This is no longer a toy repo! It demonstrates patterns for a real product surface area with enough moving parts to punish sloppy changes.

The Problem: Velocity Without Proof

We had signals, but they weren’t a coherent system:

some rules existed (informally)
linting existed (but was noisy and inconsistent)
testing existed (but not at a level that lets you refactor with confidence)
E2E coverage didn’t reflect how users actually flow through the product
coverage existed locally, not visibly

In other words: tribal knowledge plus hope.

The goal wasn’t “add tests.” The goal was a quality ladder—each rung enabling the next.

The Quality Ladder (The Sequence Matters)

Here’s the order of operations that worked, and why:

Codify a contract (design rules, data flow rules, UI rules)
Make lint clean and trustworthy (so warnings mean something)
Cover domain logic with unit tests (turn behavior into executable specs)
Add E2E tests for real workflows (where regressions actually happen)
Instrument coverage (otherwise you’re guessing)
Publish coverage in CI (visibility changes behavior)
Keep docs current (quality must be repeatable)

Codex 5.2 helped me climb this ladder without losing the thread.

Phase 0: Compliance Cleanup (The Real Beginning)

Every long-running quality push has a starting “wake up” moment.

For this repo, that moment looked like compliance cleanup:

removing risky innerHTML usage and window-bound patterns
tightening DOM checks and wiring
simplifying defensive guards that hid intent

This wasn’t glamorous. It was foundational. You can’t build a quality system on top of brittle glue.

Phase 1: Turn Ideas Into Contracts

Before I was willing to scale testing, I needed the codebase to have enforceable rules—especially in the UI layer.

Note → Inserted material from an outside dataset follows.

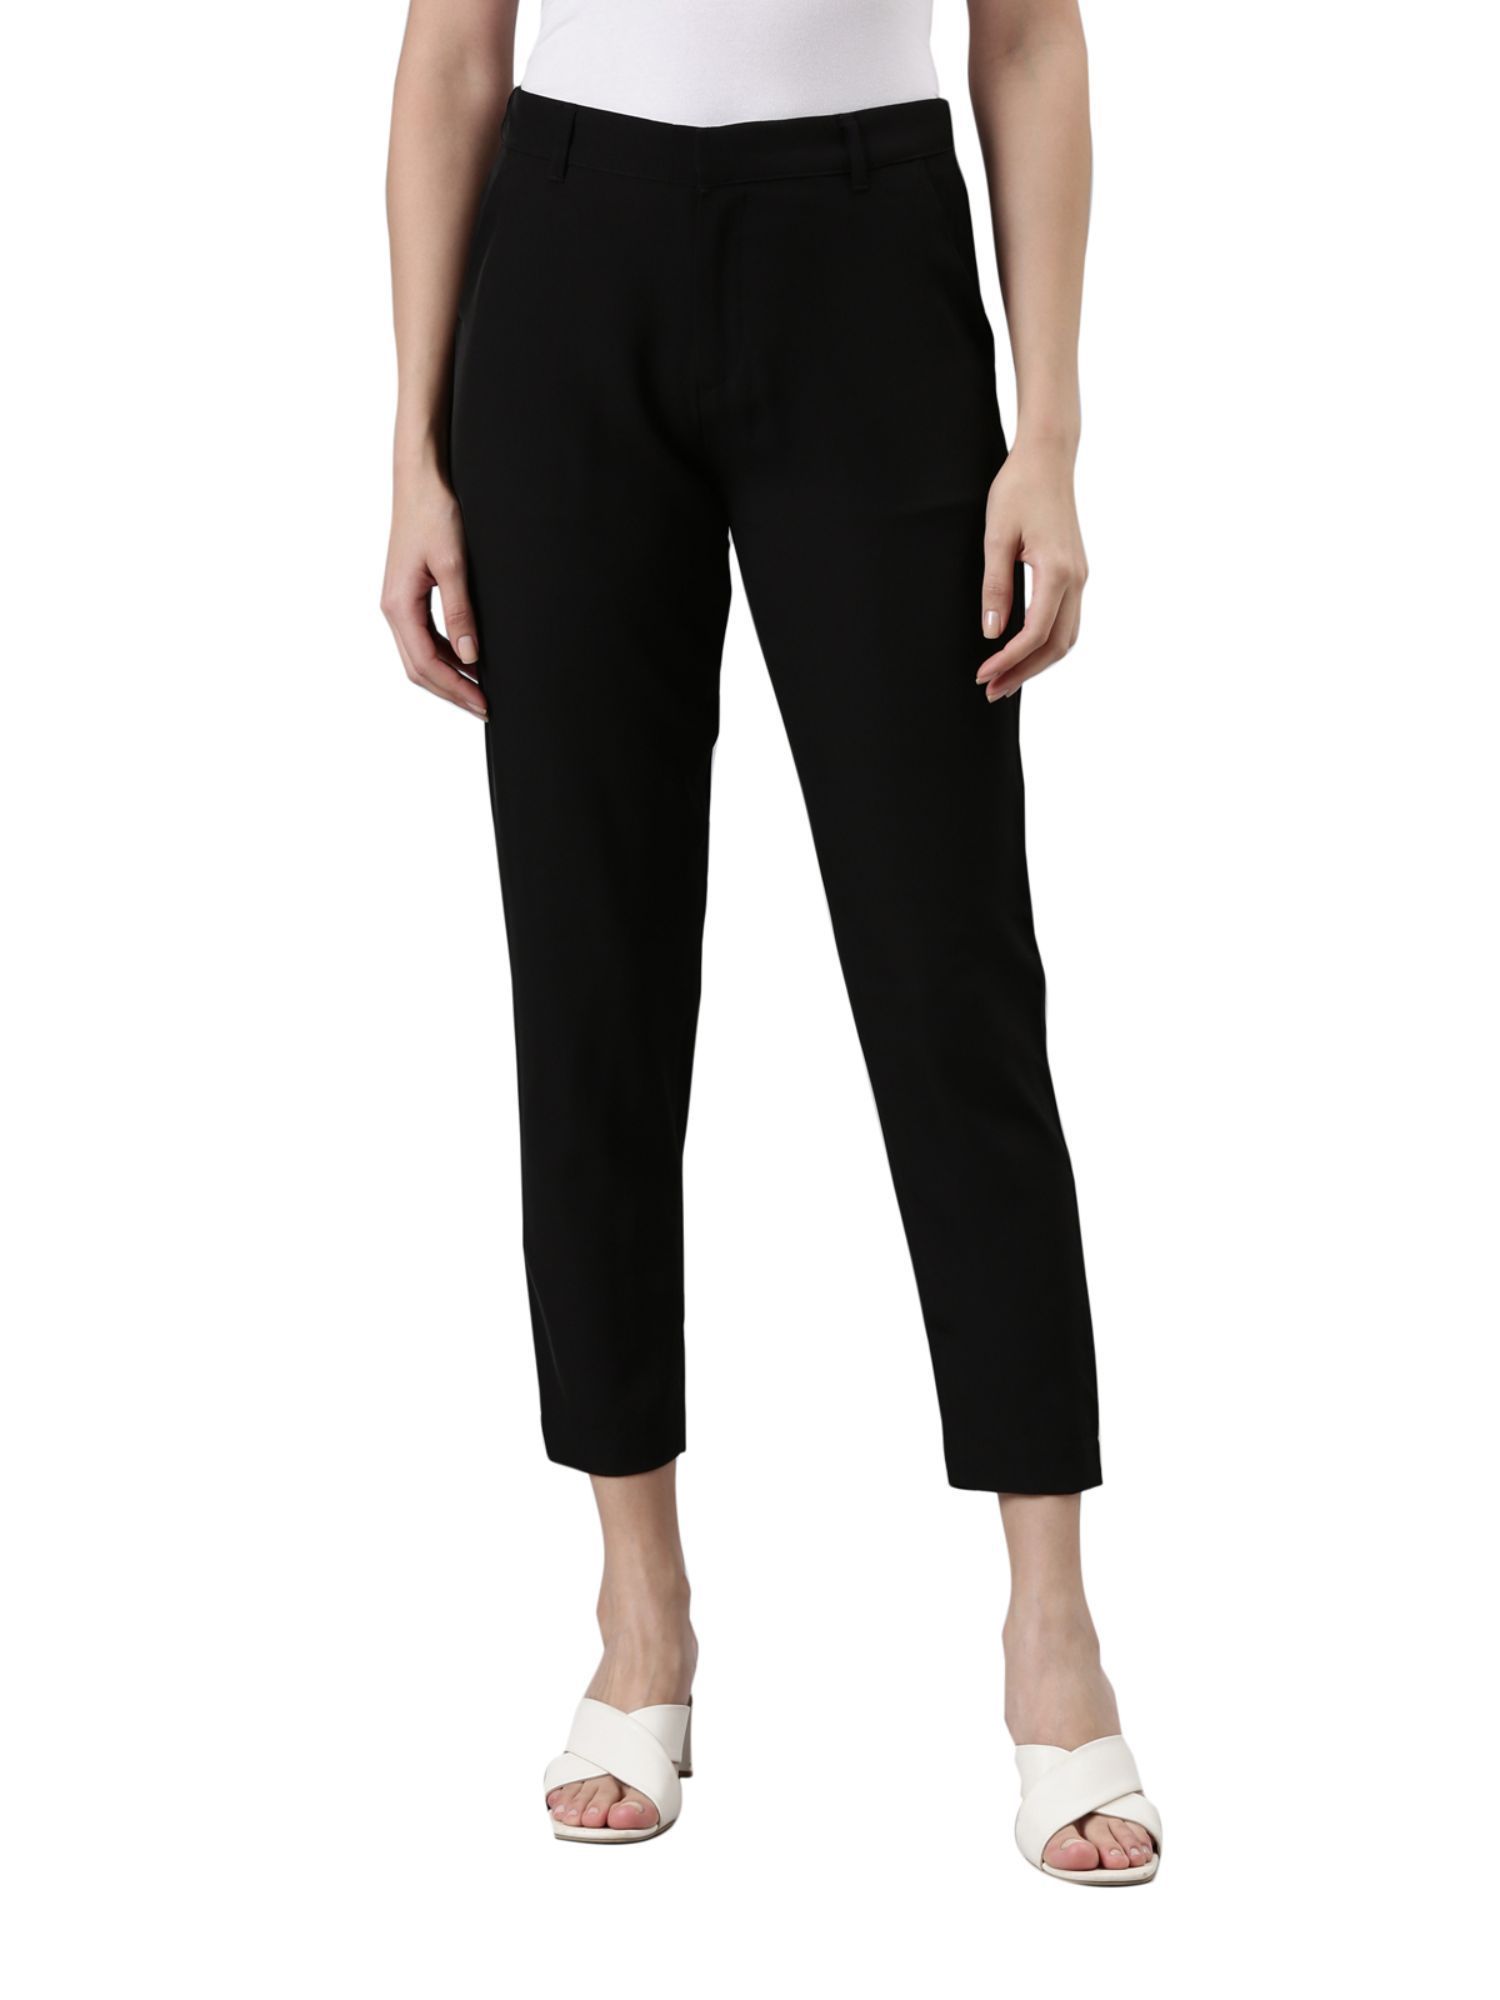 New Style Elegant Formal Office Pants Women Business Slim Trousers Work  Wear | eBay

We already had an early foundation:

a contract-scanning script
a “coding contract” that enforces rules like:
- no inline styles (even for dynamic values)
- DOM-only toolbars (explicit, deterministic wiring)
- centralized storage patterns (no random settings scattered across views)

Then we reinforced it.

What changed (in practical terms)

Inline style mutations were removed or centralized.
View code was pushed toward CSS classes / CSS variables.
Global header/toolbars were wired consistently.
Storage moved behind the repository boundary (e.g., SystemRepository).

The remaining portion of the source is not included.